Die Geschichte fand ich hingegen mit jeder Seite besser und besser. Vielleicht auch, weil ich irgendwann fast alles aufgenommen hatte und es soweit ganz gut zusammenfügen konnte. Emma hat viele traurige Dinge erlebt und sie hat Träume, die Geschehnisse voraussagen. Sie kann sie nicht immer zuordnen, jedoch hält sie ihre Gedanken oft in Bildern fest. Sie ist sehr kreativ und war mir das ganze Buch über sehr sympathisch. Auch ihre Freundin Sophie war mir sypatisch. Sie war immer an ihrer Seite um sie zu Unterstützen. In der anderen Welt herrscht Krieg und Emma ist die einzige, die diesen Krieg aufhalten kann. Es ist ihre Bestimmung, denn sie ist die Drachenprinzessin, aber das weiß sie nicht und sie muss selber herausfinden, was sie will. Es gibt natürlich einige Wesen, die sie in die Richtige Richtung lenken, aber ihre Entscheidung muss sie von ganz alleine treffen.

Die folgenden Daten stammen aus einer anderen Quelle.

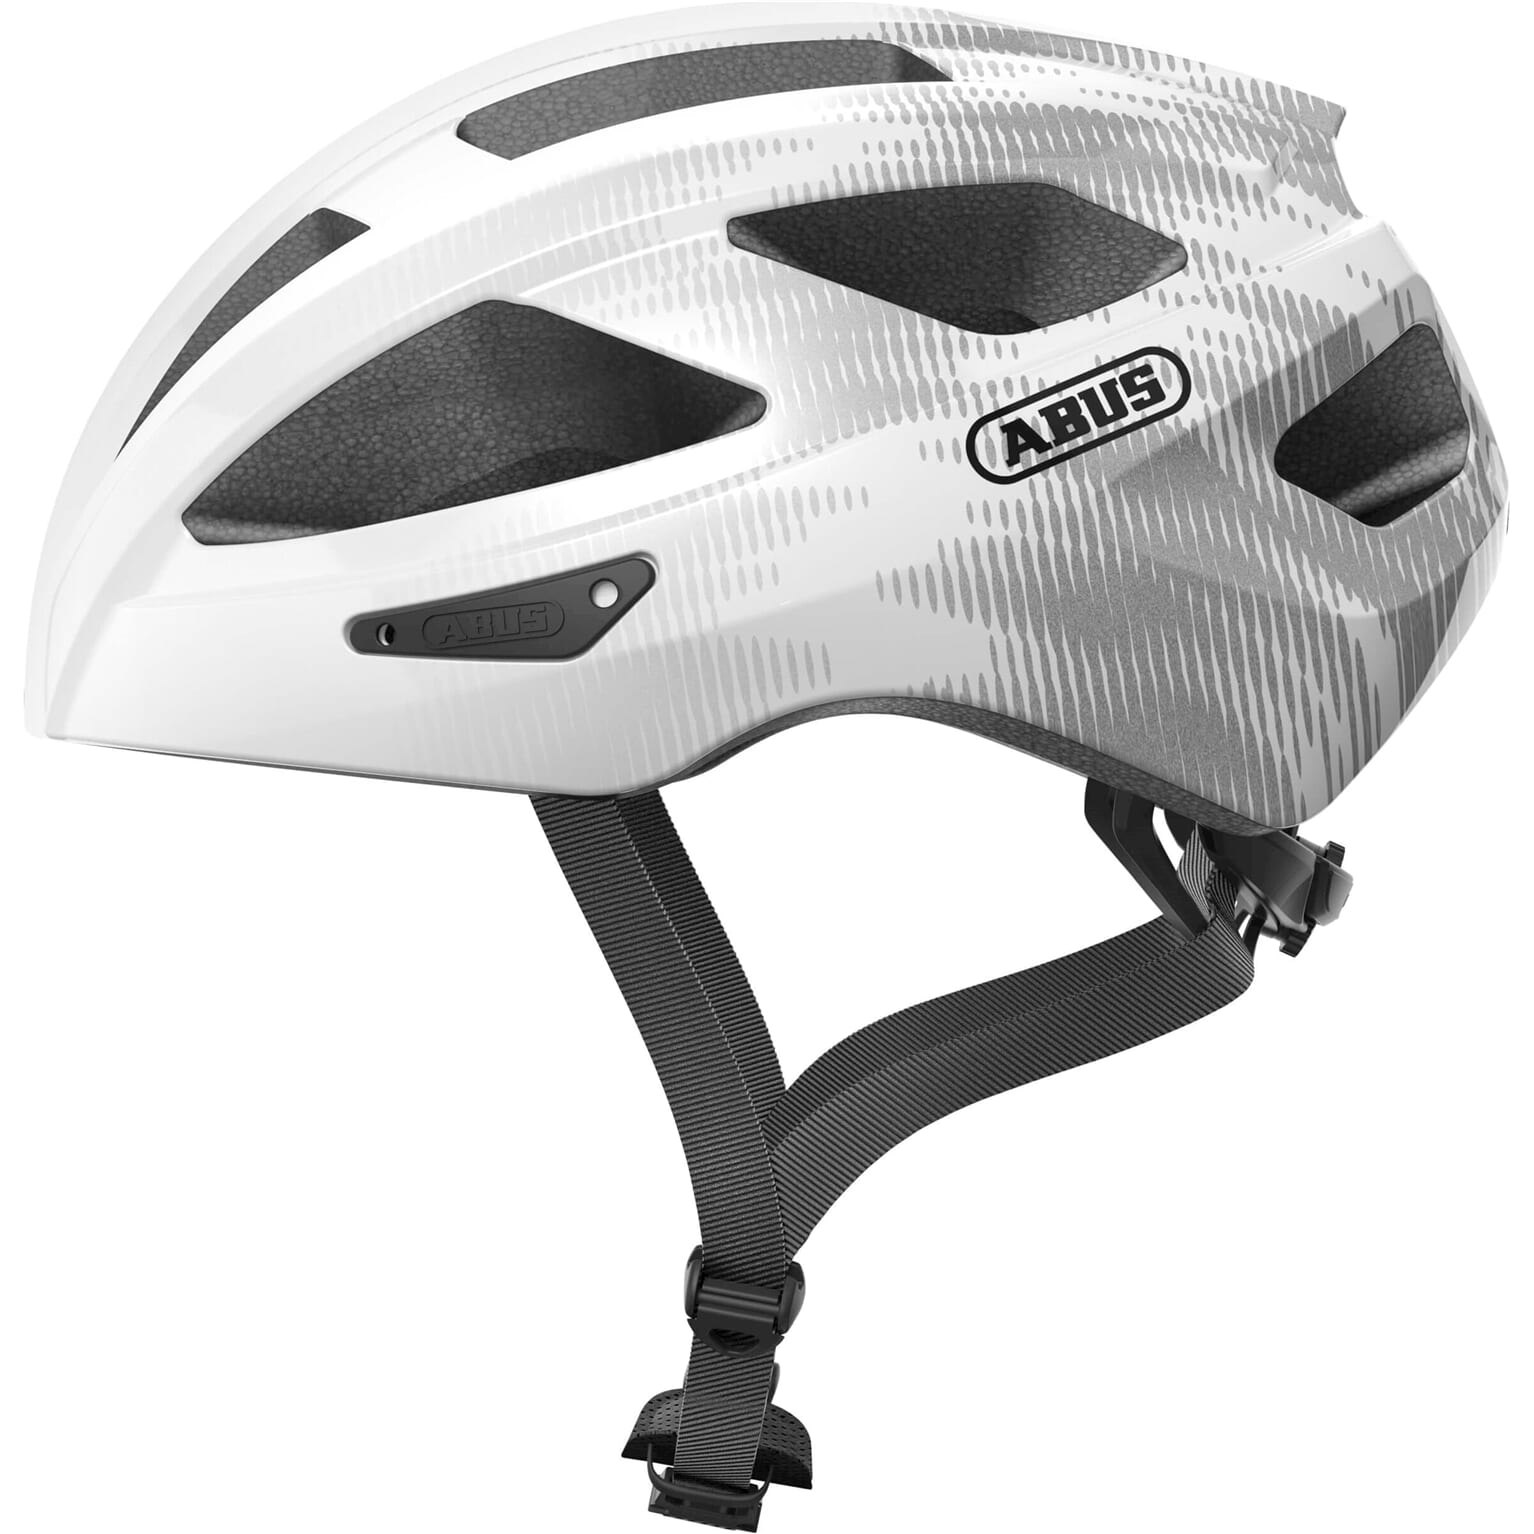 Abus helm Macator white silver M 52-58cm

Zwischendurch hatte ich allerdings immer wieder das Gefühl, dass in diesem Buch schreckliche Dinge verarbeitet wurden. Es fühlte sich für mich zumindest so an.
Am Ende hin war ich gespannt, wie es weitergeht und ich freue mich sehr auf den zweiten Teil der Reihe. Ich muss ja schließlich wissen, ob die Prophezeiung erfüllt wird.